Prompt:
Among the records that follow, find the line with "Happy Father's Day" and the line with "Israel is the". Set down those lines and all lines between them exactly, without adding anything.

Input data:

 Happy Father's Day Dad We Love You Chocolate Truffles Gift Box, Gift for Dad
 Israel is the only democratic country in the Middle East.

...

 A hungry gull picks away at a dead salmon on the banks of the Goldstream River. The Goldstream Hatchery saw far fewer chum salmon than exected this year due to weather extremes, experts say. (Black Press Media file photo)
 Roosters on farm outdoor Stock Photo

Problem solution:
 Happy Father's Day Dad We Love You Chocolate Truffles Gift Box, Gift for Dad
 Israel is the only democratic country in the Middle East.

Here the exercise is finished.